Start of Available data
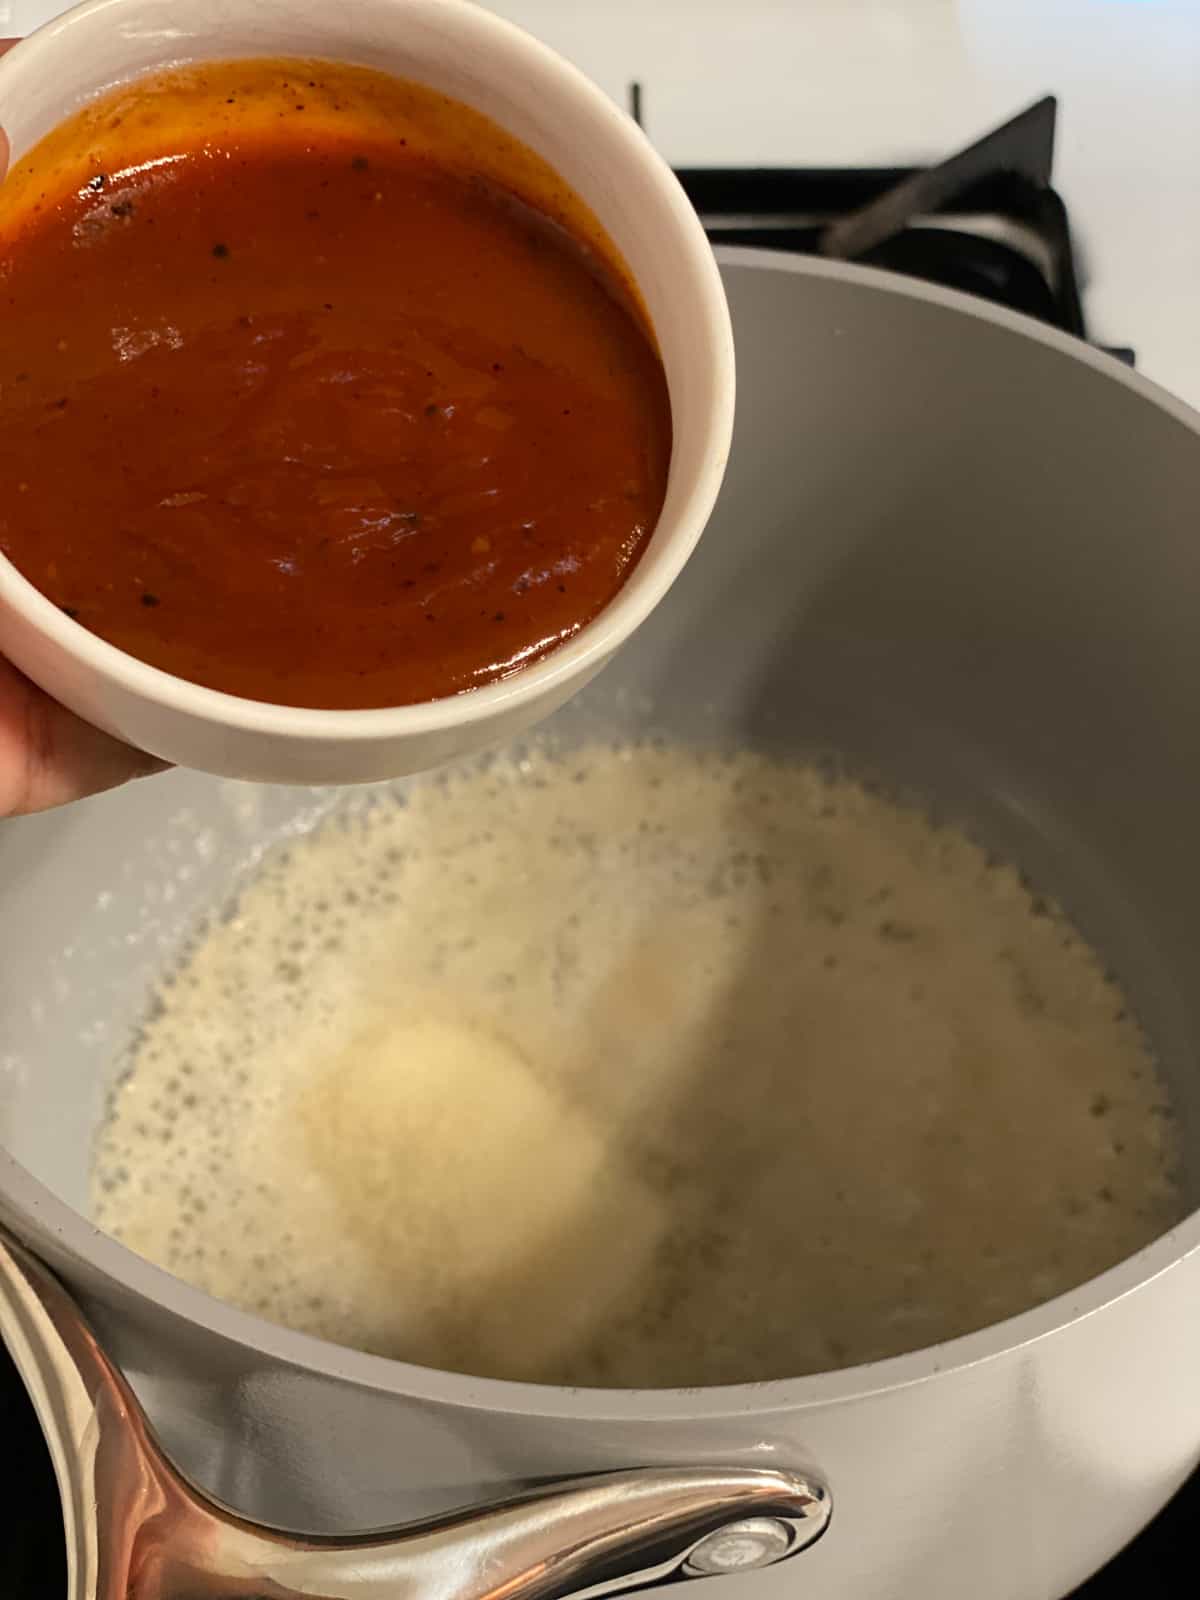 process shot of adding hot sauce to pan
End of Available data
Start of Available data
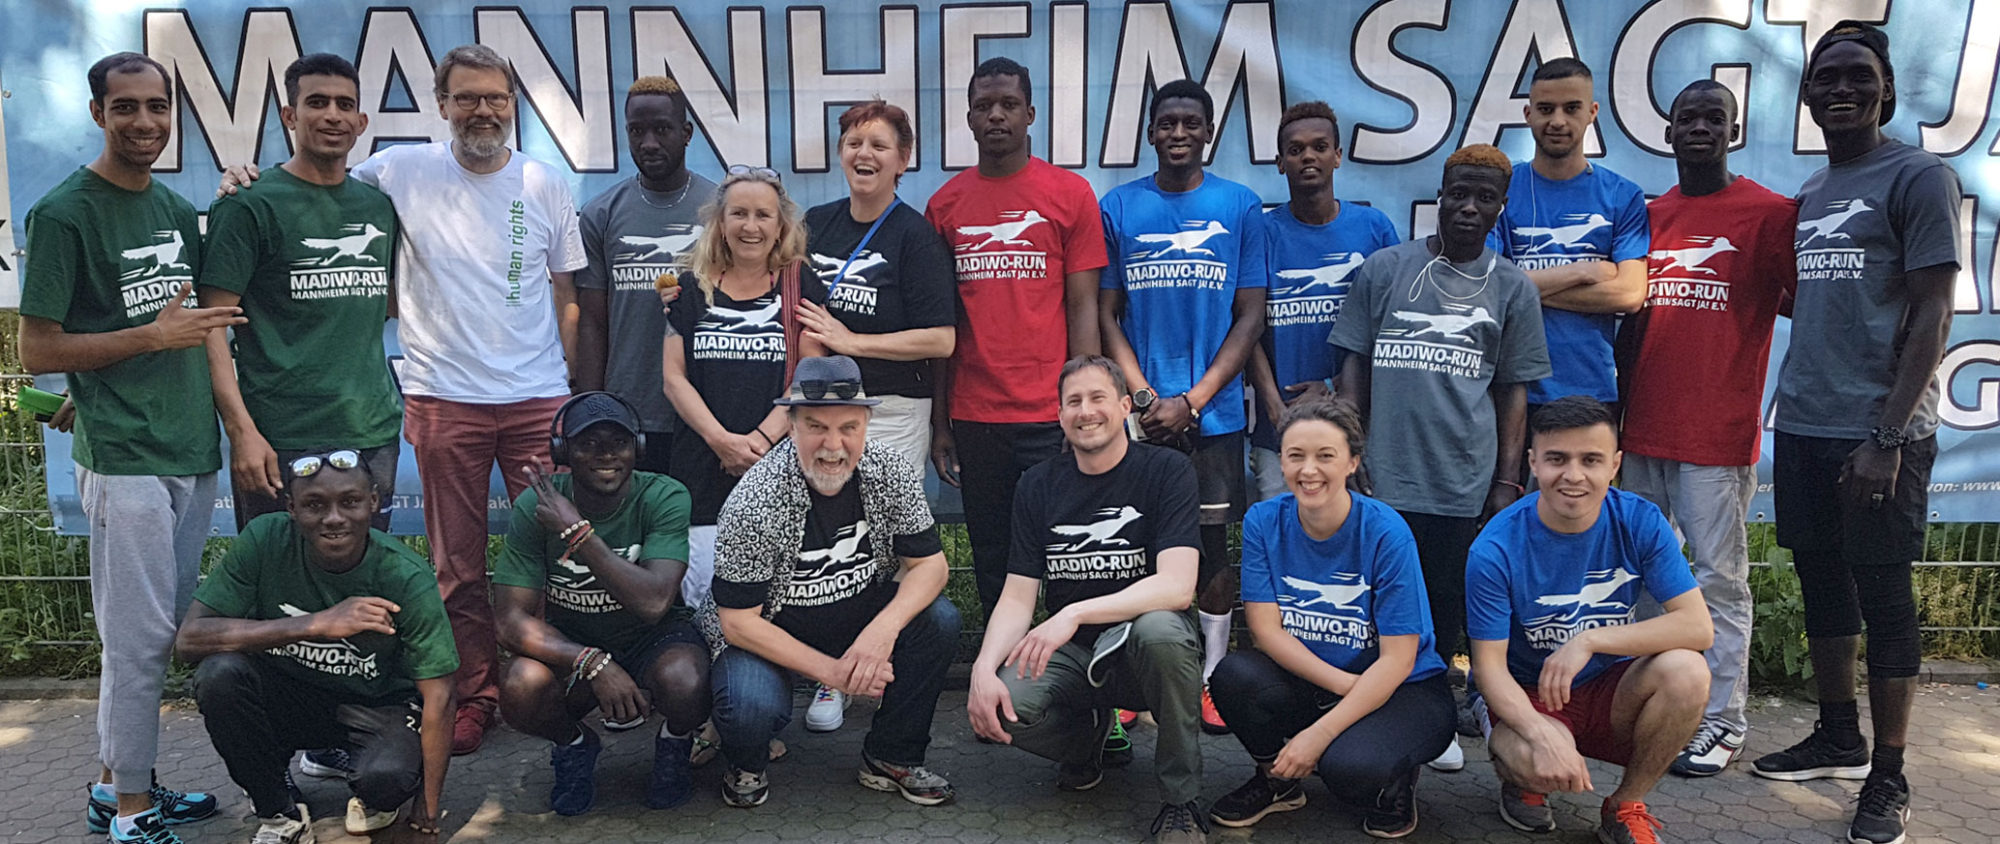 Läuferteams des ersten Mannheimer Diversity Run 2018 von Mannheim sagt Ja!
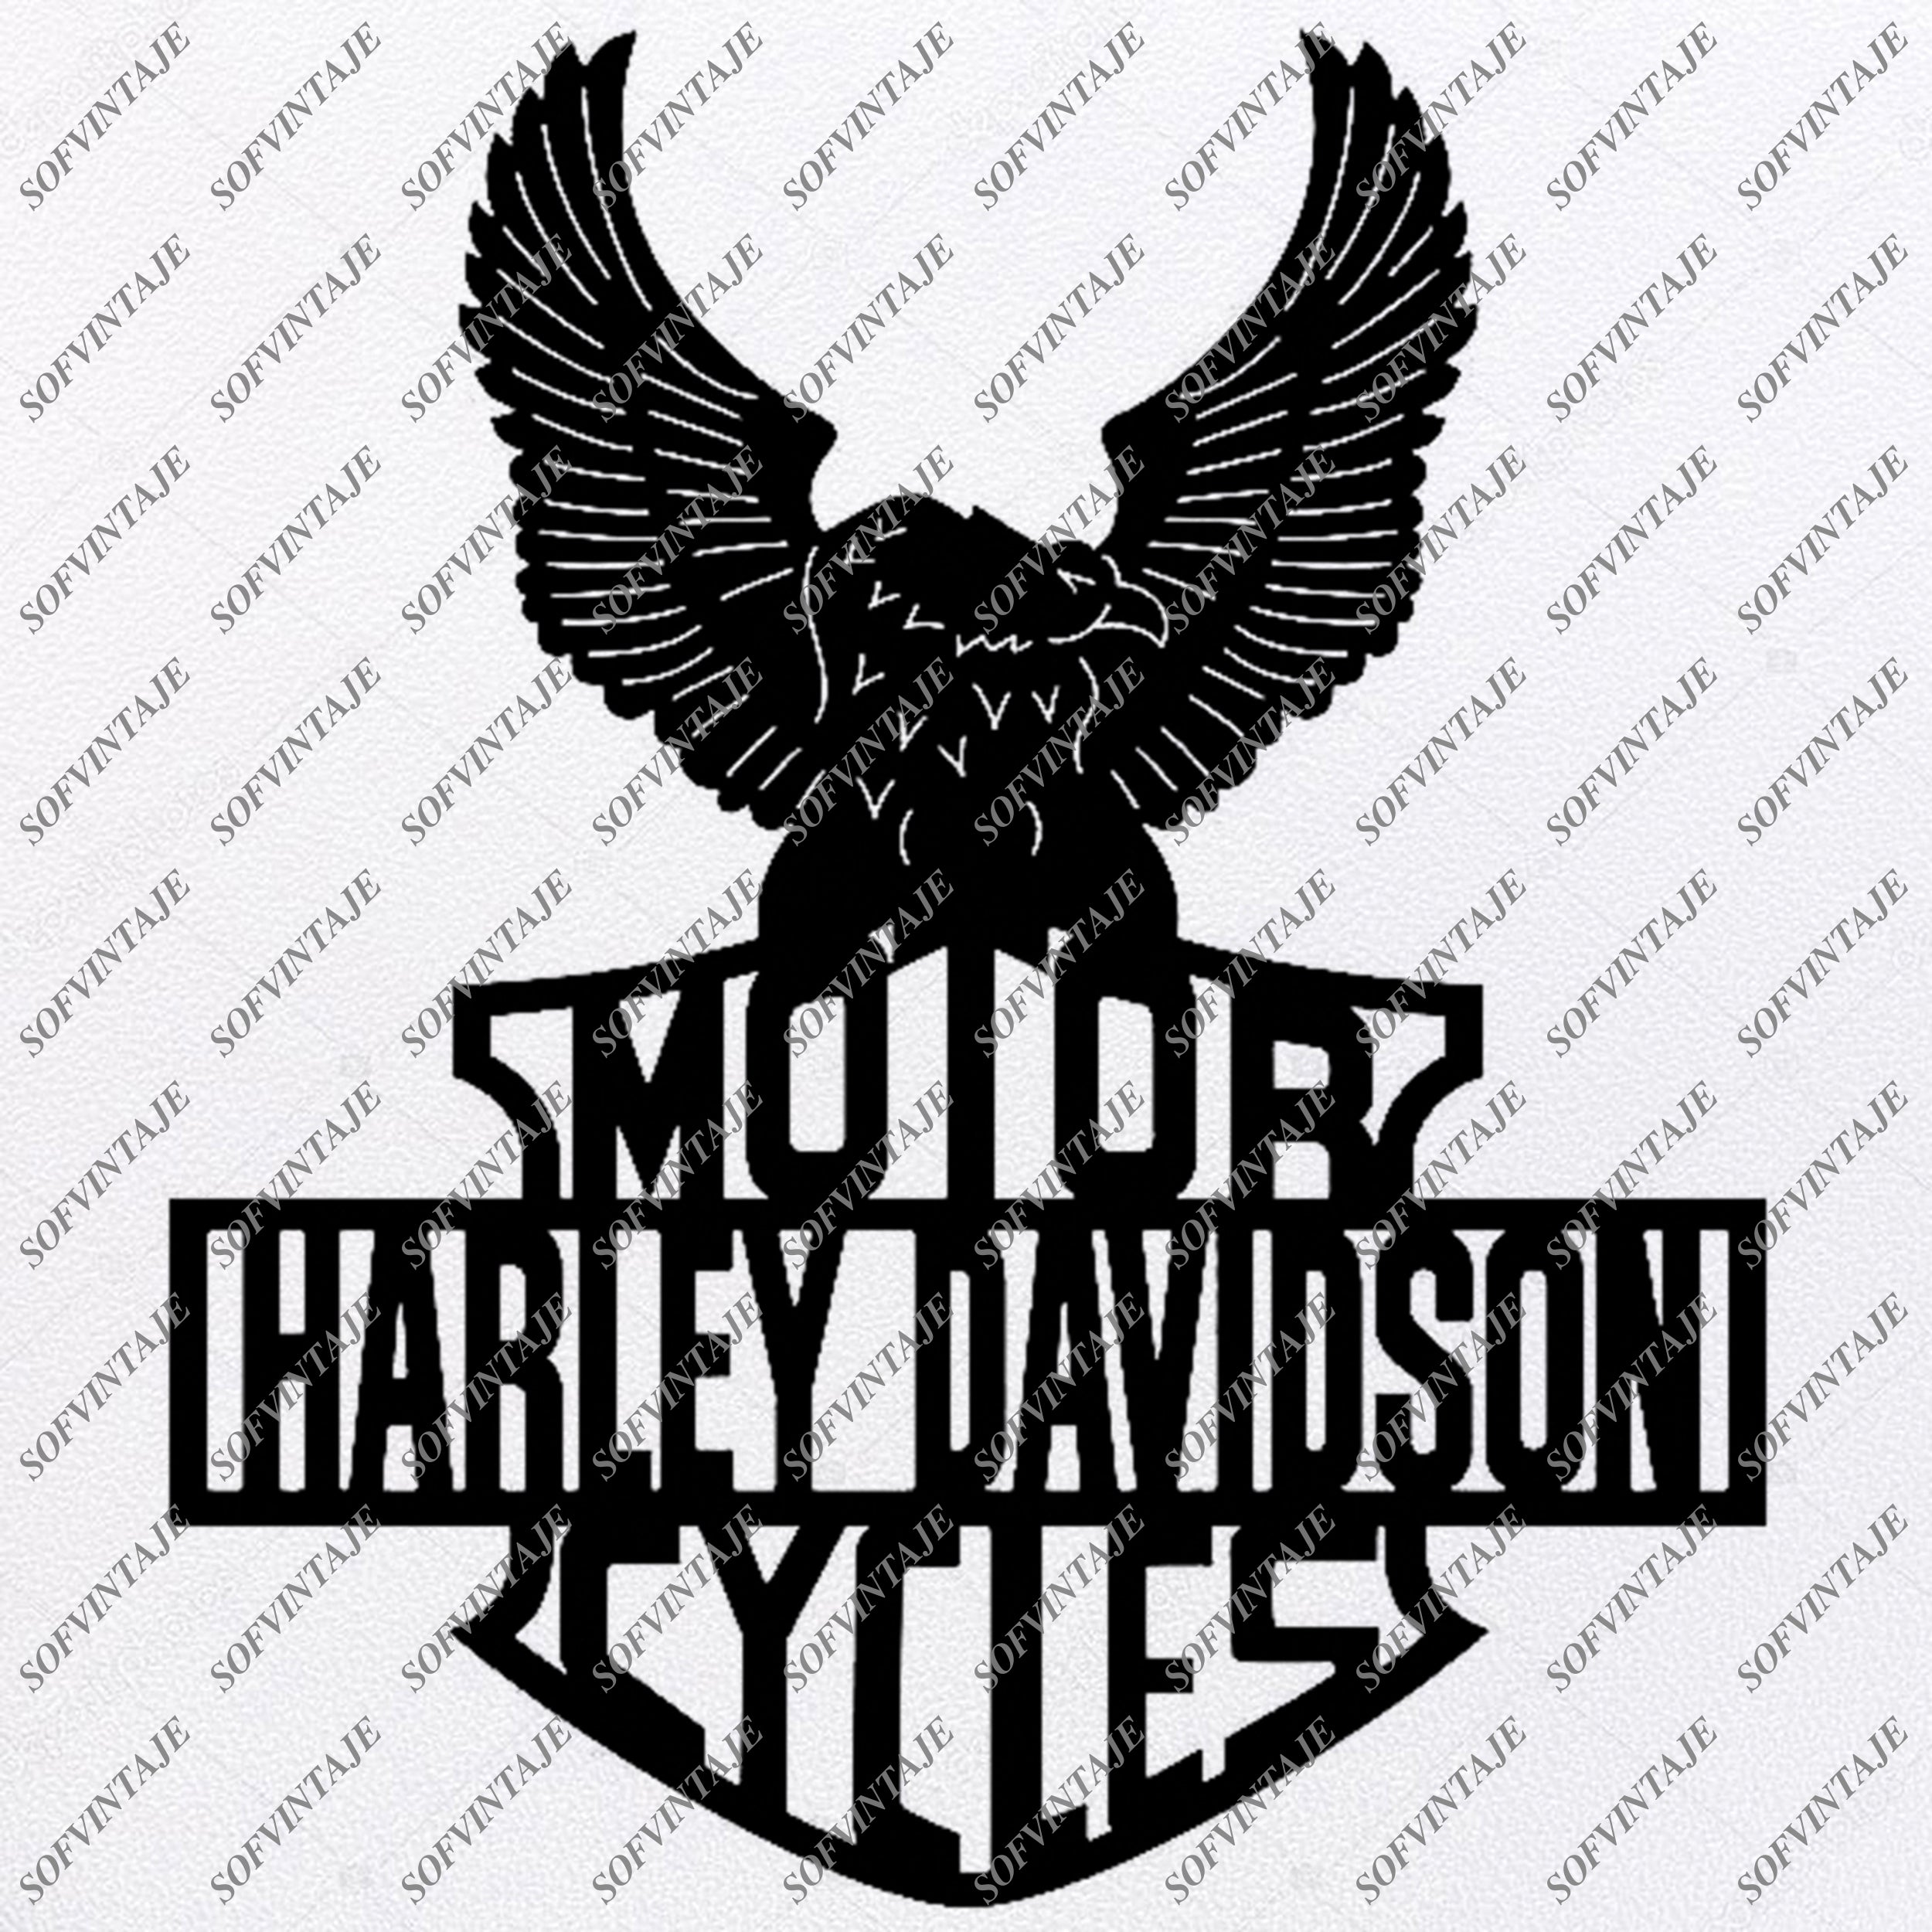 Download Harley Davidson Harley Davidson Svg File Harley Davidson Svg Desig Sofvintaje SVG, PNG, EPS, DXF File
End of Available data
Here the job is to copy the listing above word for word, starting at the line with "Läuferteams des ersten" and ending at the line with "Download Harley Davidson", and to leave out the pictures.

Output for this exercise →
 Läuferteams des ersten Mannheimer Diversity Run 2018 von Mannheim sagt Ja!
 Download Harley Davidson Harley Davidson Svg File Harley Davidson Svg Desig Sofvintaje SVG, PNG, EPS, DXF File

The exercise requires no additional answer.